Finita la comedia, или представление окончено
1.1.92. В аэропорту Нью-Йорка. Рад, что выскребся от Суконика. И он рад, что отделался от меня.
Наказан на 108 долларов: перевес ящика на 8 фунтов! Мог в сумку отложить, если б вес знал. Взяли в благодеяние третью сумку в багаж. Я ее хотел с собой: она беззащитна, на молнии, а там фотоаппарат, и я собирался его с собой в кабину нести. Готовься не досчитаться там фотоаппарата.
Зато везу дерьма полно, что накупил на распродажах и в филантропических магазинах за 5 долларов. Теперь они обойдутся в цену новых. Лучше бы новых вещей накупил — и меньше весом.
Что ж: мой принцип — количества, как и в писаниях моих.
Но как мы раздражали в последние дни с Сукоником друг друга! Два «писателя», маменькиных сынка непрактичных. Каждый норовит свалить на другого решение и дело. Я — на него, лезу советоваться. Он — отбрыкивается: сам решай! — чтобы не нести ответственности за совет. Как капризный мальчик отбрыкивается. А я навалился на них: помогать мне.
В общем — разгром под конец и глупость.
Теперь вопрос: рассказывать ли своим или утаить?.. Зачем еще расстраивать потерей 20 тысяч рублей под конец, ни за что?
Тяжко видеть в другом зеркало себя и своей беспомощности и невзрослости. Мы «достали» друг друга, надоели. Слишком надолго я насел на них.
И как решительно он отказался заниматься моими делами! Как Юз. Фу! Ладно! Как вчера голоса милых звенели, когда им прозвонился! «Скажи еще спасибо, что живой!» (хотя тьфу-тьфу, чтобы не сглазить!)
И посадка запаздывает. И еду с дурным настроением — еще сутки! Но переломи. «Игрово!» Учись терять!

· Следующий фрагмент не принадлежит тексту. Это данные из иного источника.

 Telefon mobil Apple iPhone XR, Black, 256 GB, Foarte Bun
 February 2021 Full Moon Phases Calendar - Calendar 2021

И даже рассказывать, писать ему в письме нелепо, что дурак я: малюсенький дорогой фотоаппарат оставил в беззащитной сумке, а мог взять в карман вместо дурацкой бутылки шампуня, что Юз навязал вместе со сковородкой.
Ну что ж?! Едешь на мучения. Вот они и начинаются. Мучения — от глупости — тебя и всей страны. От незнания меры. Но какое зло — к практичным, к умельцам!
Постскриптум
18.4.95. Перечитал вчера: интересно, конечно, но и — совестно. Односторонние уразумения тогдашнего «текущего момента», пришпиленные печатью, завыглядят как то, что я ВООБЩЕ считаю, «как думаю по данному вопросу», тогда как и во мне все текуче — и самоопровергаюсь постоянно, роскошь себе противоречить позволяю: ведь смертен, срочен мой умишко и по частичкам лишь постигать и высказывать Бытие и Сомысл в силах — в том числе, и что к чему в Истории, и в России, и в Америке, и каков человек каждый…
И человеческий образ мой вырисовывался малопривлекательным, а где — и отталкивающим. И мысли многие неверны, и прогнозы ошибочны. Особенно стыдно за характеристики и суждения о людях, что ненароком попадают в орбиту моей жизни и настроения — естественно, трепетного и переменчивого… И если о ком-чем сказал неверно, недружелюбно или плохо, — это о МОЕЙ плохоте свидетельствует, а не об объекте моего высказывания злого. Прошу принять мое повинение. Жгут меня эти места. Но жанр «исповести» не допускает ретуши. И потому:
И с отвращением читая жизнь мою, Я трепещу и проклинаю, И горько жалуюсь, и горько слезы лью, Но строк печальных не смываю.
А кто отвечать, опять же, будет — Пушкин? — Да, Пушкин.